• What the task requires
Please, without the pictures, restate every entry exactly.

(The data Opens)

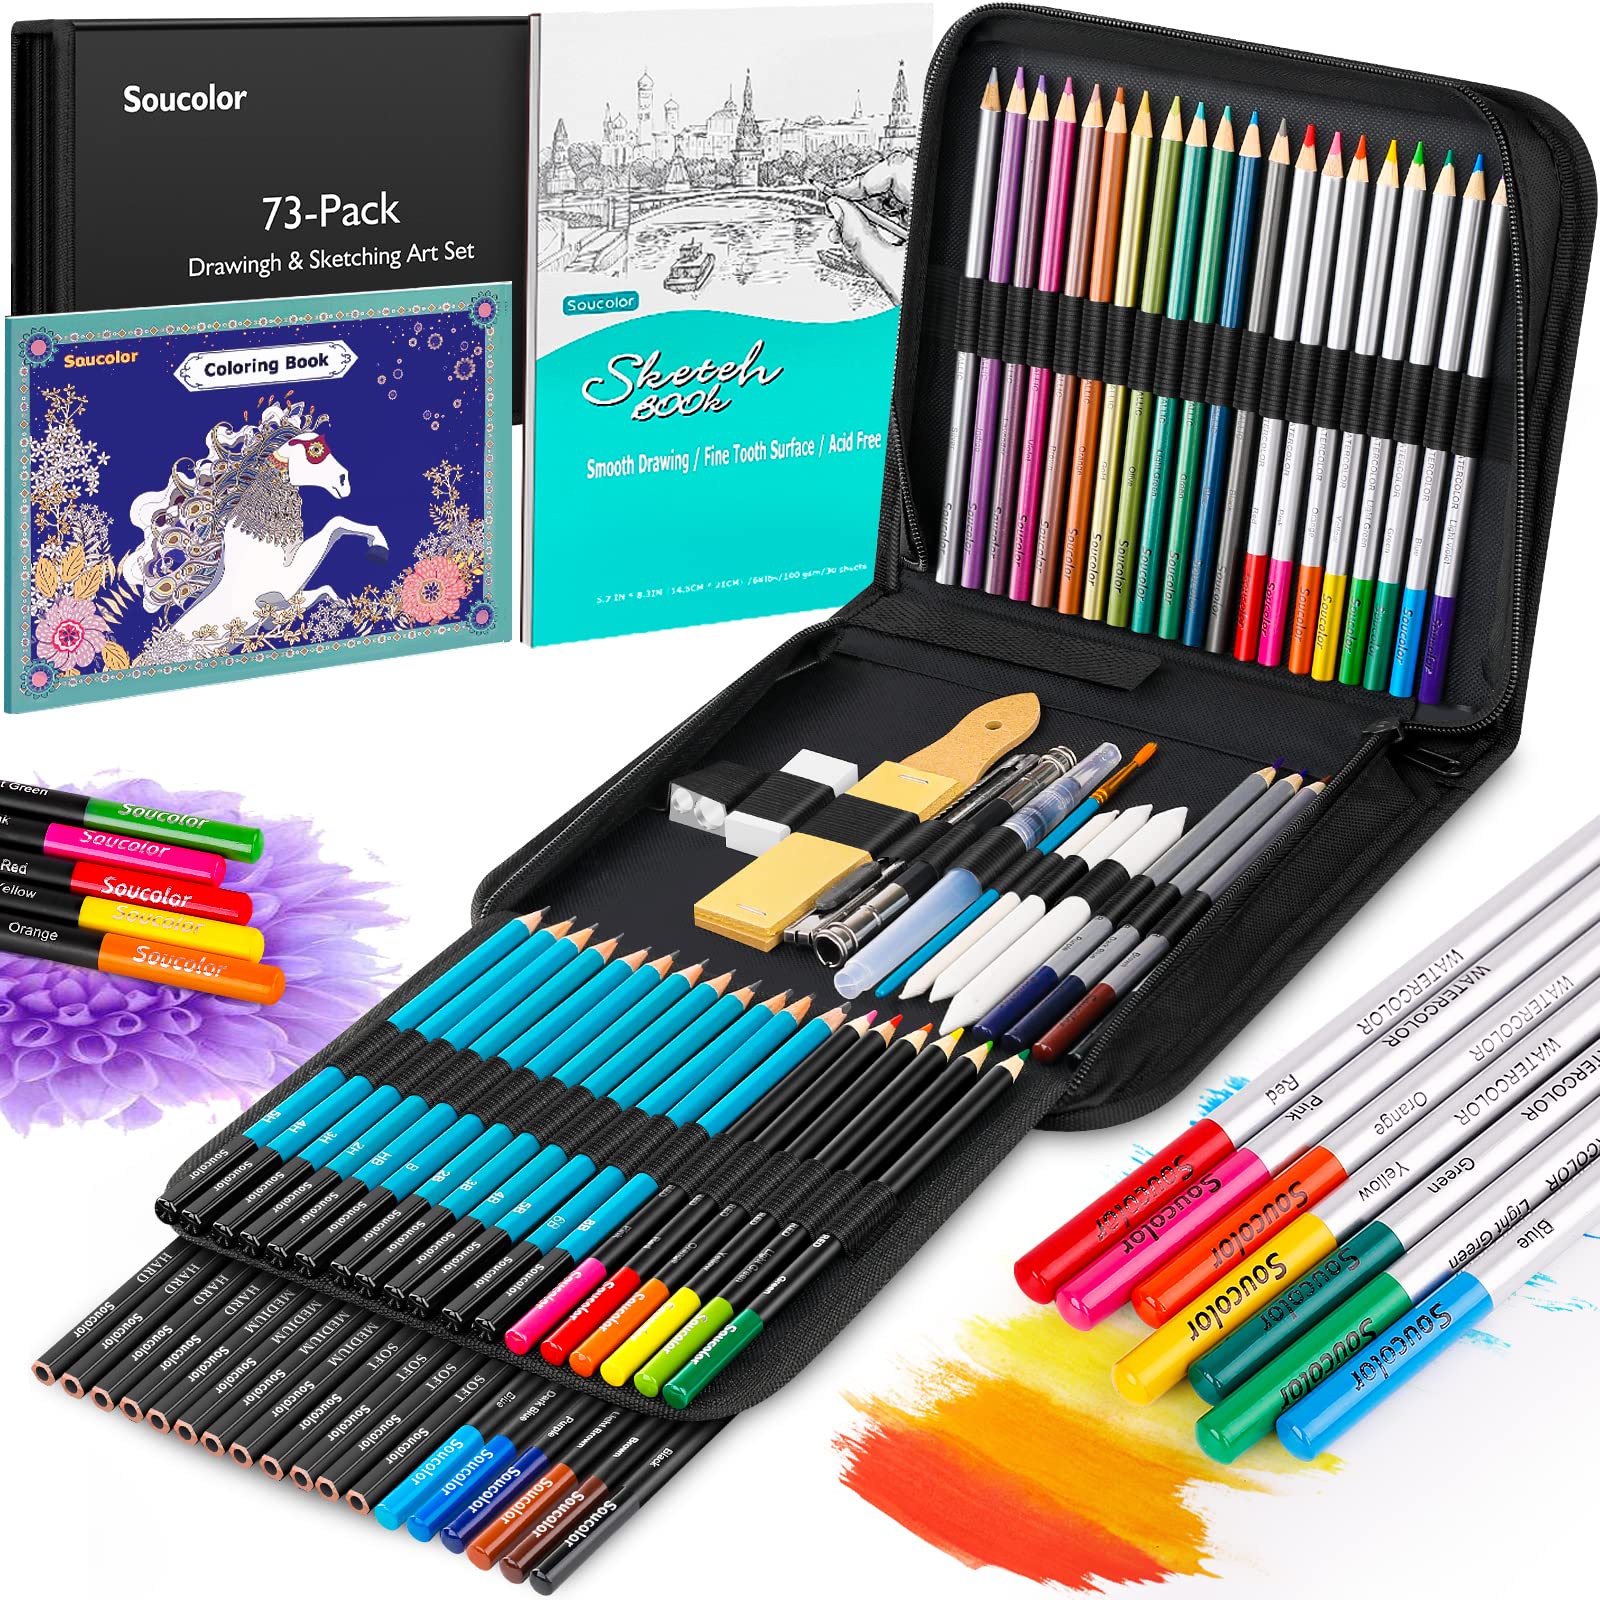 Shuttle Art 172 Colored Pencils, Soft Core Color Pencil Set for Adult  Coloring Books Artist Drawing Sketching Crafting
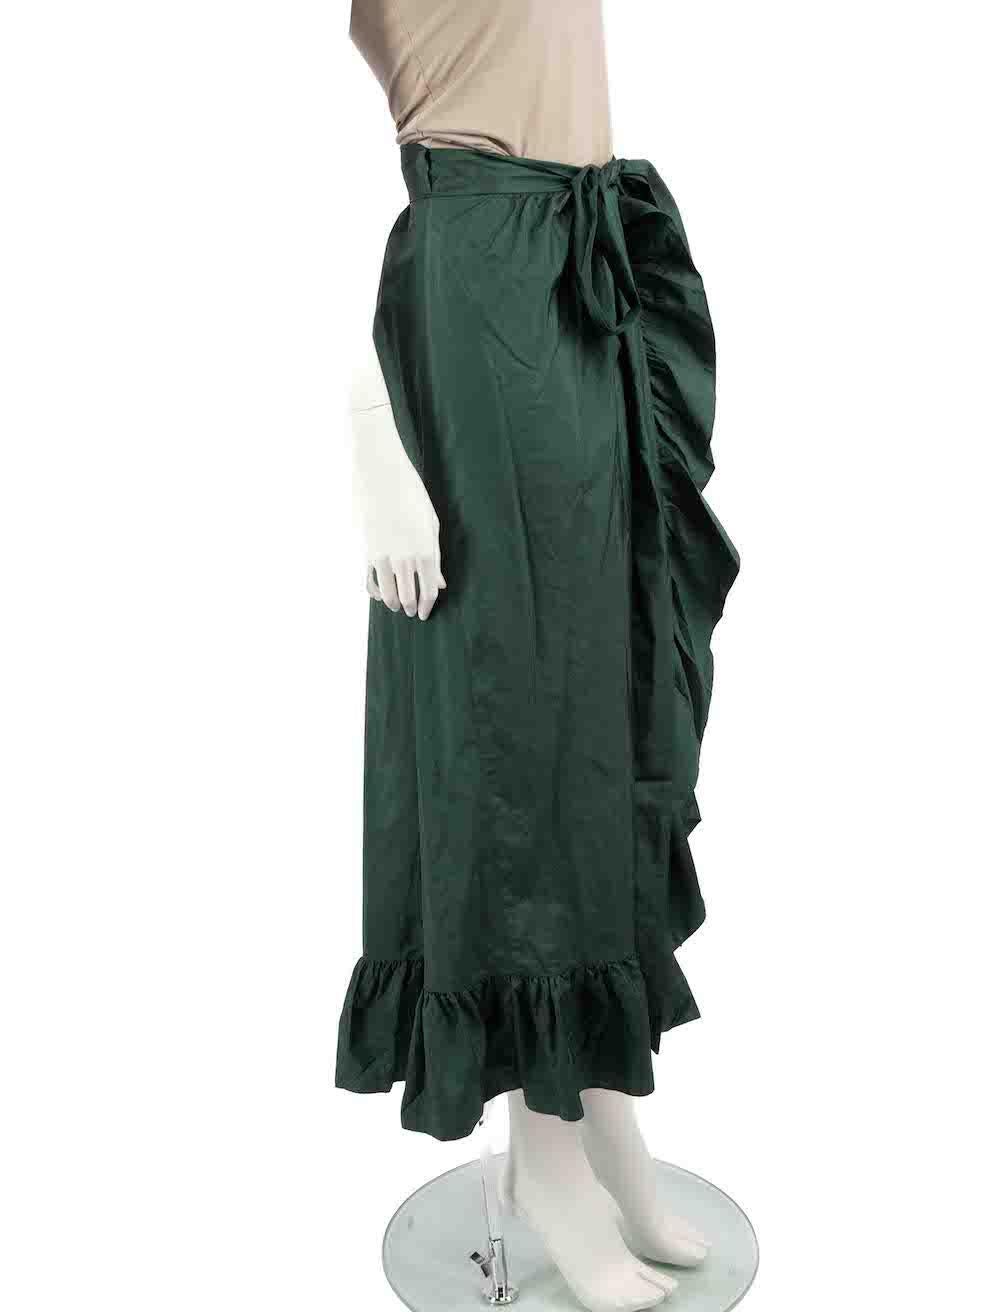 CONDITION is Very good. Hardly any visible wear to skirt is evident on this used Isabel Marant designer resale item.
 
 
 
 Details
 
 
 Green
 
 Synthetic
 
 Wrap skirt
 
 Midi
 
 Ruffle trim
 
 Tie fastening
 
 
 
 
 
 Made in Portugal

(The data Closes)

• Answer for this exercise
 Shuttle Art 172 Colored Pencils, Soft Core Color Pencil Set for Adult  Coloring Books Artist Drawing Sketching Crafting
 CONDITION is Very good. Hardly any visible wear to skirt is evident on this used Isabel Marant designer resale item.
 
 
 
 Details
 
 
 Green
 
 Synthetic
 
 Wrap skirt
 
 Midi
 
 Ruffle trim
 
 Tie fastening
 
 
 
 
 
 Made in Portugal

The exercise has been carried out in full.